The high-energy environment in the super-earth system CoRoT-7

TL;DR

This study measures the high-energy X-ray emission from the host star CoRoT-7, providing insights into the atmospheric erosion of its super-earth planets, especially CoRoT-7b, due to stellar irradiation.

Contribution

First detection of X-ray emission from CoRoT-7 and estimation of its impact on planetary mass loss in the super-earth regime.

Findings

CoRoT-7 emits X-rays with a luminosity of 3×10^28 erg/s.

The XUV irradiation on CoRoT-7b is approximately 37000 erg/cm^2/s.

CoRoT-7b has likely lost 4-10 Earth masses due to evaporation.

Abstract

High-energy irradiation of exoplanets has been identified to be a key influence on the stability of these planets' atmospheres.
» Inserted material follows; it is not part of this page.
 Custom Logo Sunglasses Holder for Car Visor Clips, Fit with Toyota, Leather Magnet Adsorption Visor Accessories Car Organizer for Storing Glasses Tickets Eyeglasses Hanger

So far, irradiation-driven mass-loss has been observed only in two Hot Jupiters, and the observational data remain even more sparse in the super-earth regime. We present an investigation of the high-energy emission in the CoRoT-7 system, which hosts the first known transiting super-earth. To characterize the high-energy XUV radiation field into which the rocky planets CoRoT-7b and CoRoT-7c are immersed, we analyzed a 25 ks XMM-Newton observation of the host star. Our analysis yields the first clear (3.5 sigma) X-ray detection of CoRoT-7. We determine a coronal temperature of ca. 3 MK and an X-ray luminosity of 3*10^28 erg/s. The level of XUV irradiation on CoRoT-7b amounts to ca. 37000 erg/cm^2/s. Current theories for planetary evaporation can only provide an order-of-magnitude estimate for the planetary mass loss; assuming that CoRoT-7b has formed as a rocky planet, we estimate that CoRoT-7b evaporates at a rate of about 1.3*10^11 g/s and has lost ca. 4-10 earth masses in total.